Date Published: December 12, 2018
Publisher: John Wiley and Sons Inc.
Author(s): Yan Xu, Guangmin Zhou, Shuyang Zhao, Wanfei Li, Feifei Shi, Jia Li, Jun Feng, Yuxing Zhao, Yang Wu, Jinghua Guo, Yi Cui, Yuegang Zhang.
Rechargeable magnesium/sulfur (Mg/S) batteries are widely regarded as one of the alternatives to lithium‐ion batteries. However, a key factor restricting their application is the lack of suitable electrolyte. Herein, an electrolyte additive that can reduce the polarization voltage is developed and 98.7% coulombic efficiency is realized.

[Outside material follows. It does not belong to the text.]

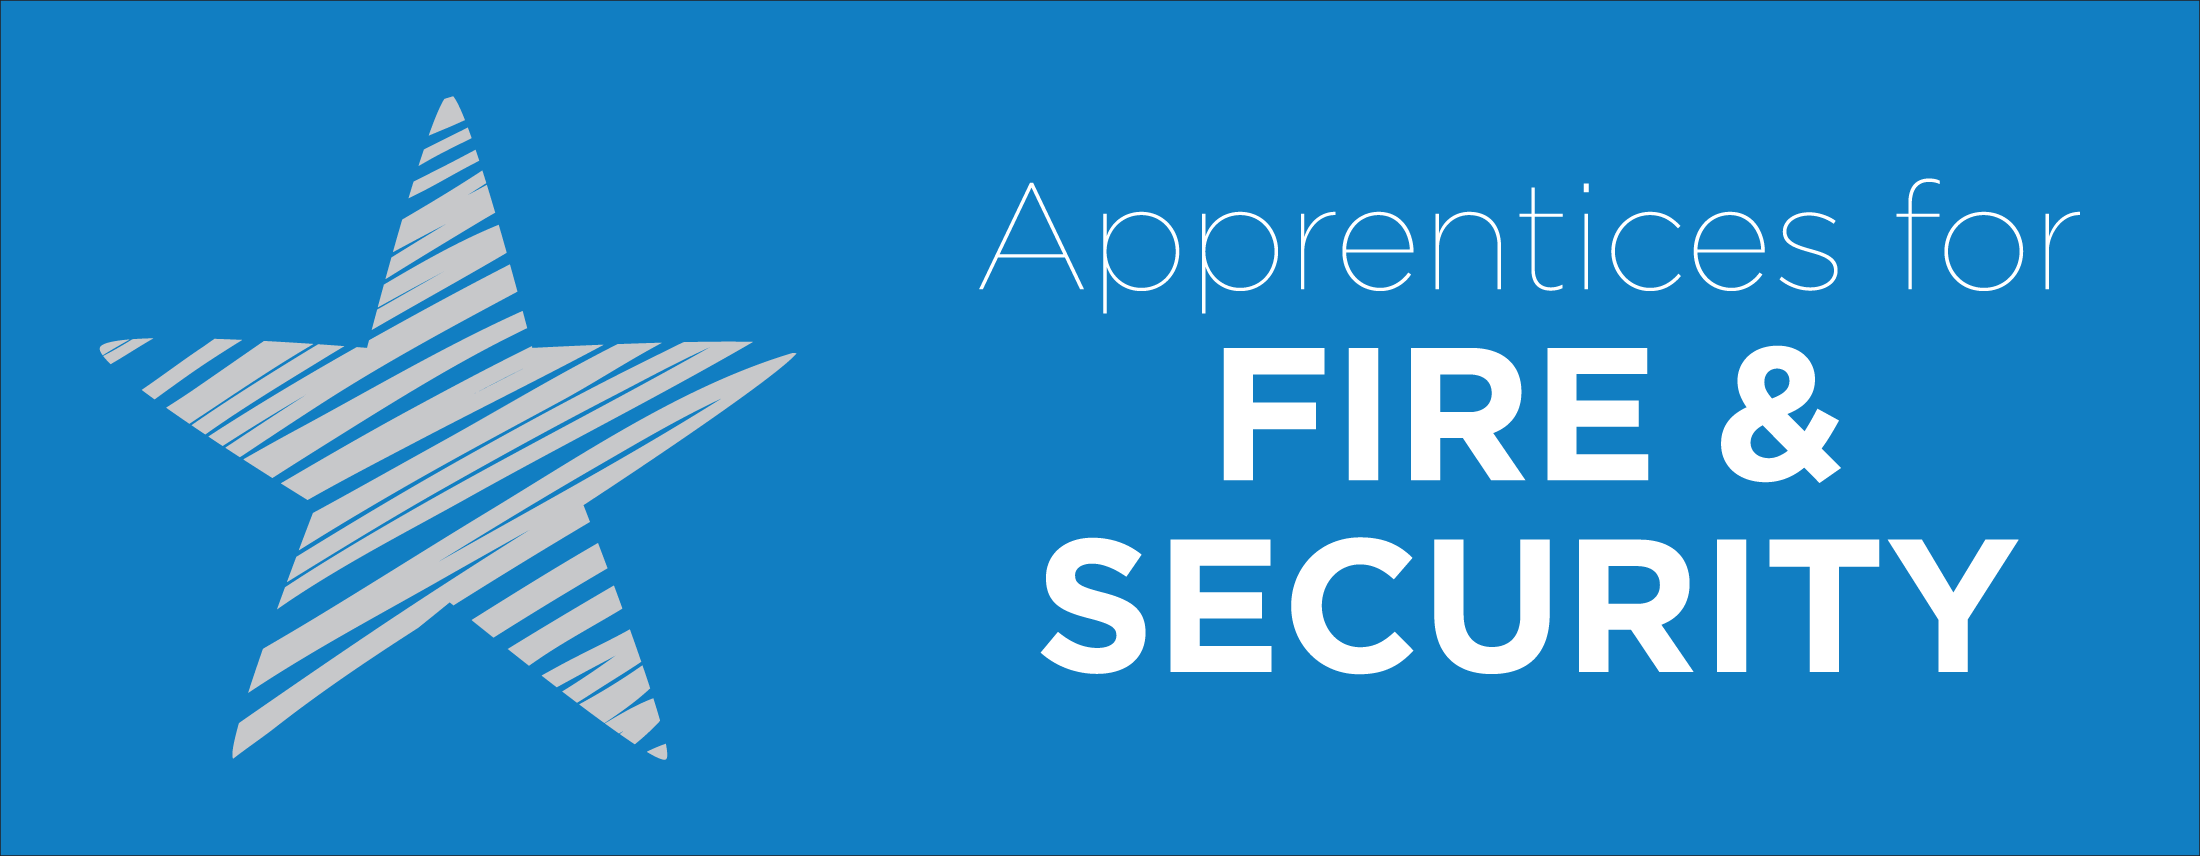 Apprentices-for-Fire-and-Security-logo

The as‐prepared Mg‐ion electrolyte exhibits excellent Mg plating/stripping performance with a low overpotential of 0.11 V for plating process, and high anodic stability up to 3.0 V (vs Mg/Mg2+). When it is coupled with magnesium polysulfide, which has high reactivity and is homogeneously distributed on carbon matrix, the Mg/S cells deliver a good cycling stability with a high discharge capacity over 1000 mAh g−1 for more than 50 cycles.

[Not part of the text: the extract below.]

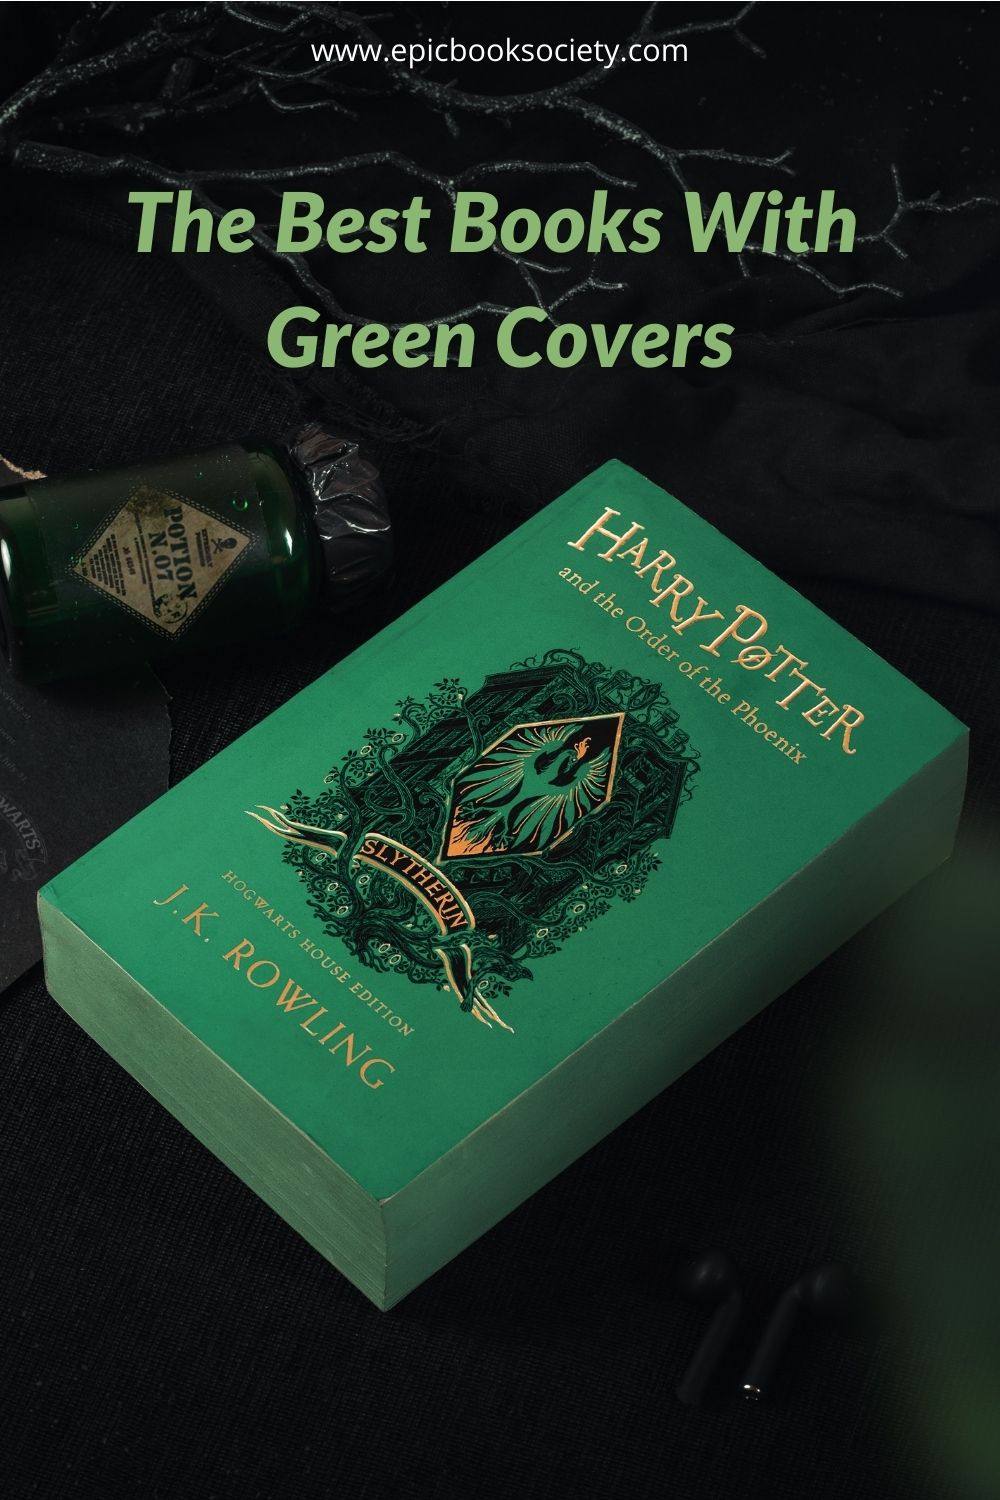 Books with a green cover

Material Preparation: Anhydrous magnesium chloride (MgCl2, 99.9%), aluminum chloride (AlCl3, 99.99%), and anhydrous DG were received from Sigma‐Aldrich, PYR14TFSI was purchased from MTI Corporation, and YCl3 was prepared by Prof. Y. M. Yao in Soochow University. All reactants and solvents, unless otherwise stated, were used as received. All the samples were handled in an argon‐filled glovebox with water below 0.5 ppm and oxygen below 15 ppm. MgCl2 (19 mg) and anhydrous YCl3 (78 mg) (or MgCl2 (19 mg) and anhydrous AlCl3 (53.3 mg)) were added to a 10 mL glass vial, which was then vigorously stirred at 120 °C in 1.5 mL PYR14TFSI overnight. Then 1.5 mL DG was added with stirring overnight at room temperature to form the Y‐based electrolyte. Treatment of 16.7 mg of Mg (0.688 mmol), 180 mg of sulfur (0.702 mmol), and 3 mL of N‐MeIm at 95 °C for 12 h to obtain a red solution. Then 360 mg G‐CNT was added and stirred overnight. 60 mg polyvinylidene fluoride (PVDF) dissolved in NMP was added to the above slurry. The resulting slurry was uniformly spread via a doctor blade on pyrolytic graphite. G‐CNT was pasted on pyrolytic graphite first and then MgPS solution was dropped onto G‐CNT. Then the electrode was dried at 60 °C in the glovebox. Typically, each electrode contains about 0.7–1.0 mg cm−2 of the active material.
The authors declare no conflict of interest.